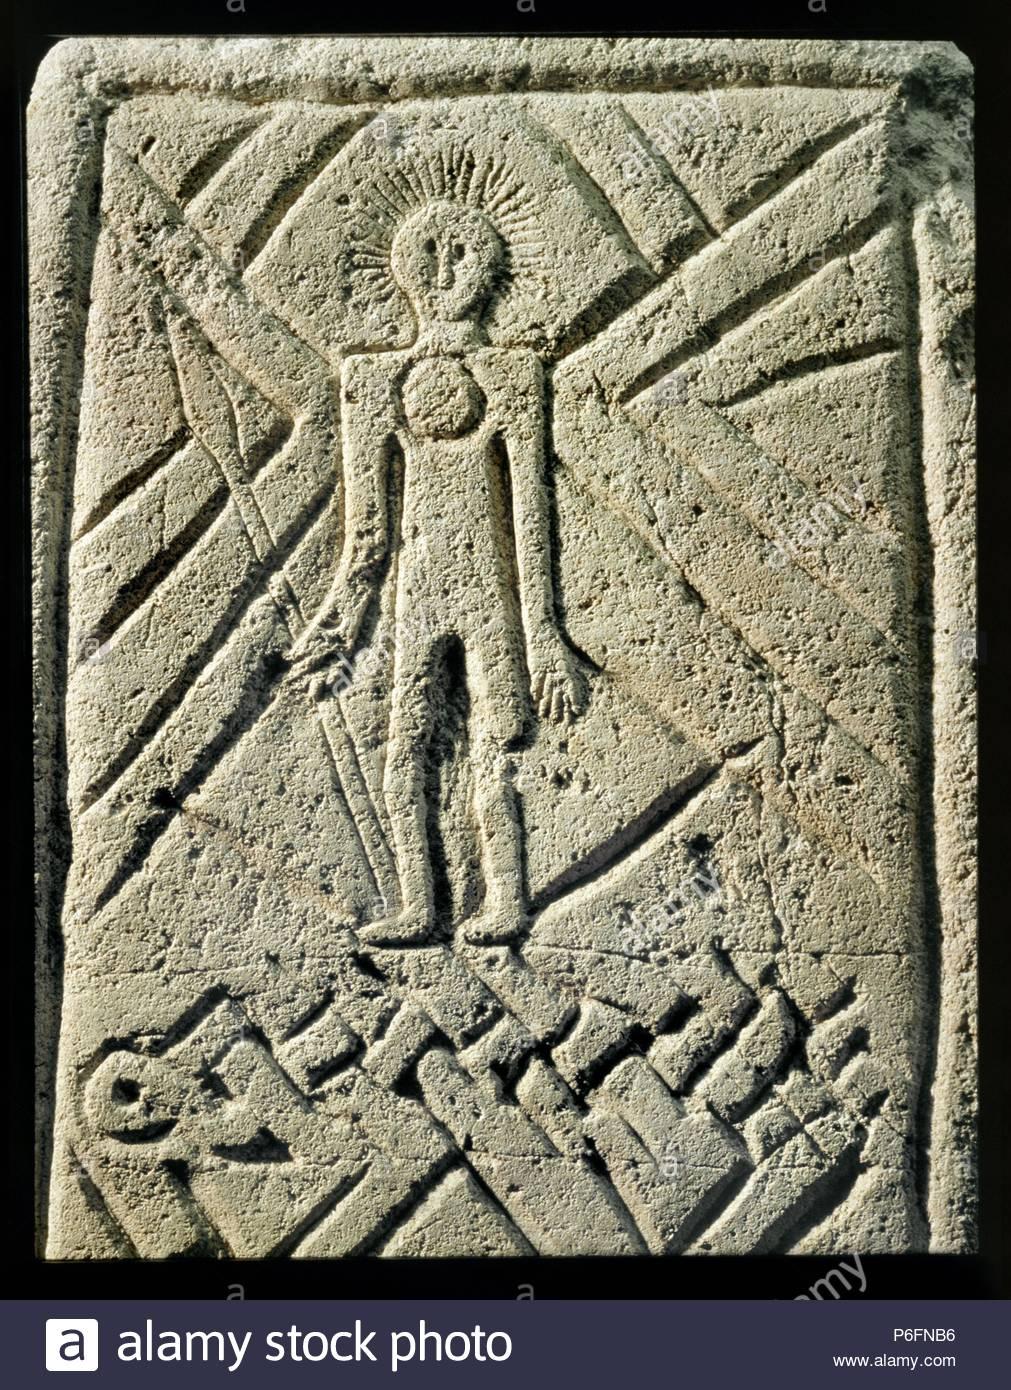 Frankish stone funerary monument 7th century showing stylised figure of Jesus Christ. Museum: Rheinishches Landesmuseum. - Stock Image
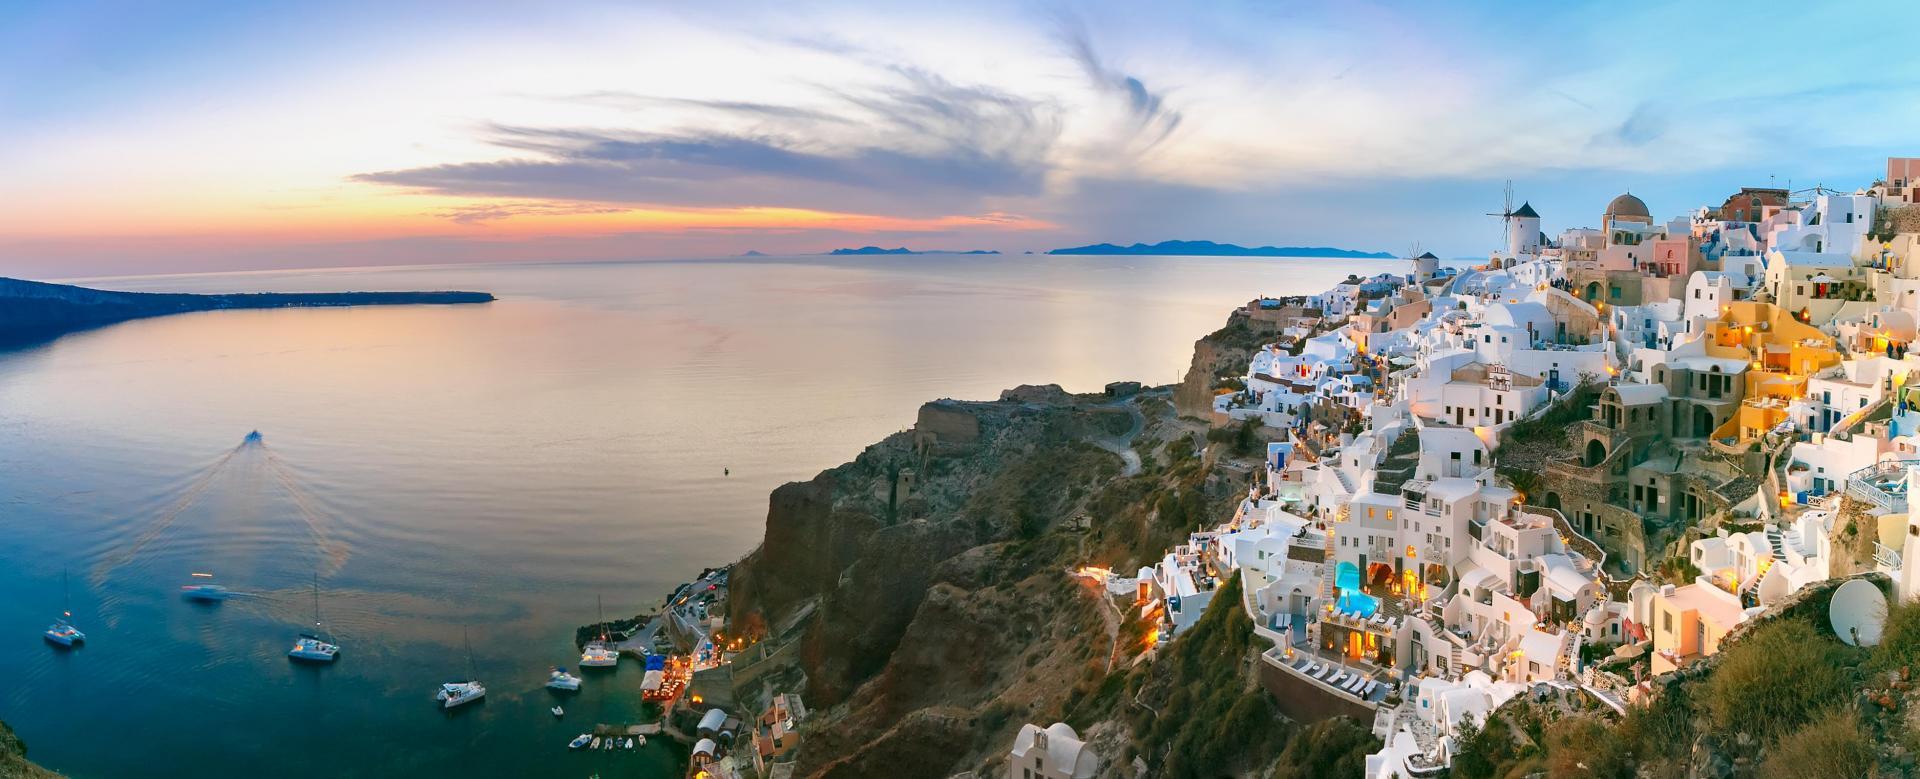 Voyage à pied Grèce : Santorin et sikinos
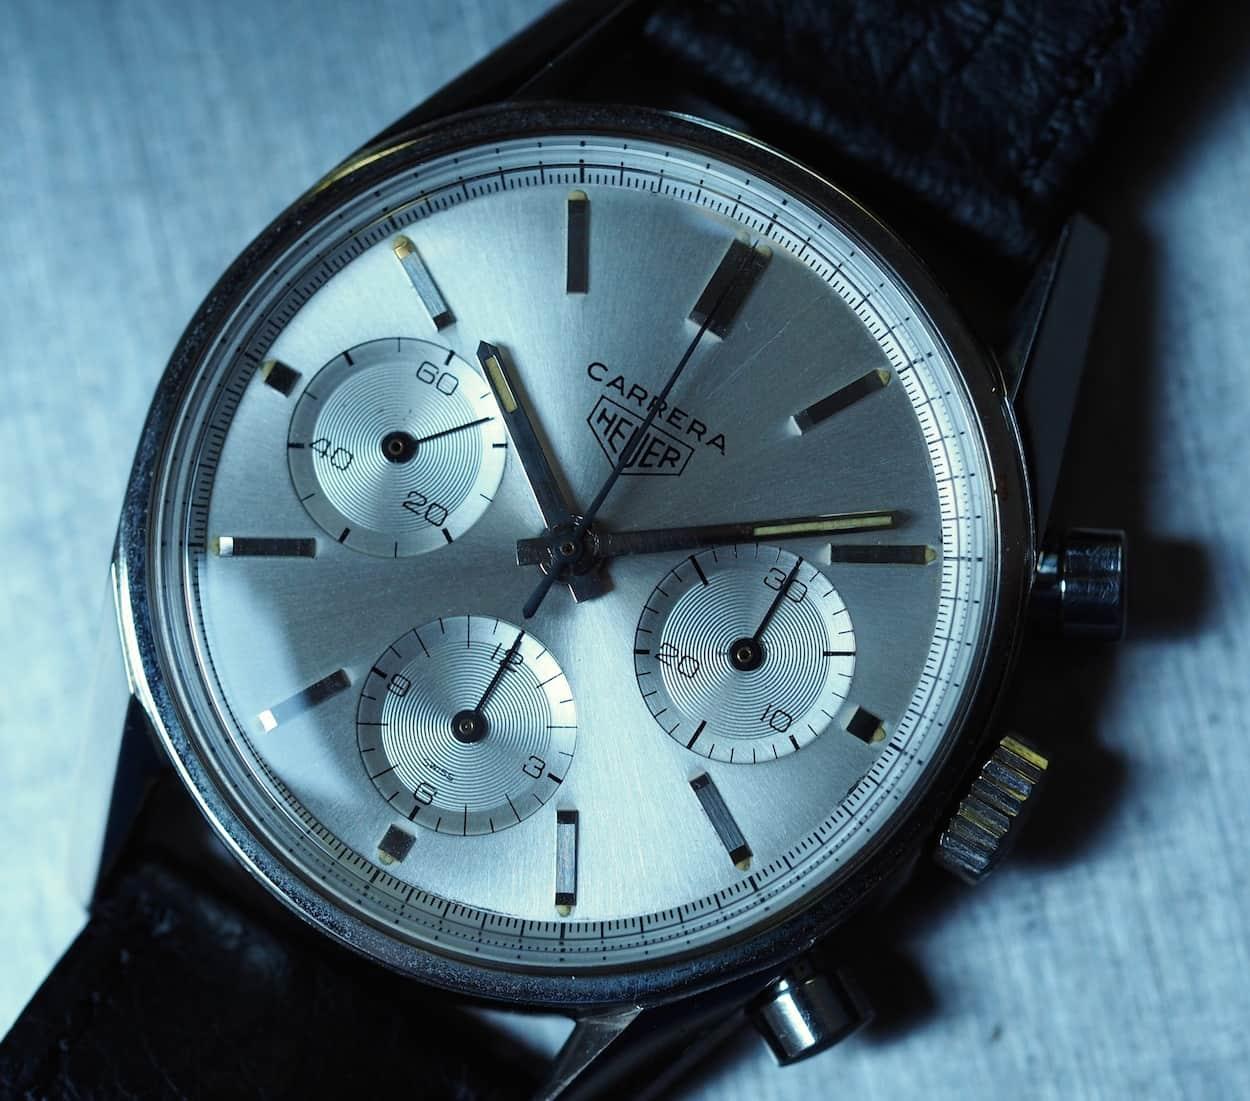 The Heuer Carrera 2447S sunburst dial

PROBLEM DETAILS. What is needed is an exact restatement of the lines from the line with "Voyage à pied Grèce : Santorin et sikinos" through the final line of the data, pictures excluded.

TASK RESPONSE.
 Voyage à pied Grèce : Santorin et sikinos
 The Heuer Carrera 2447S sunburst dial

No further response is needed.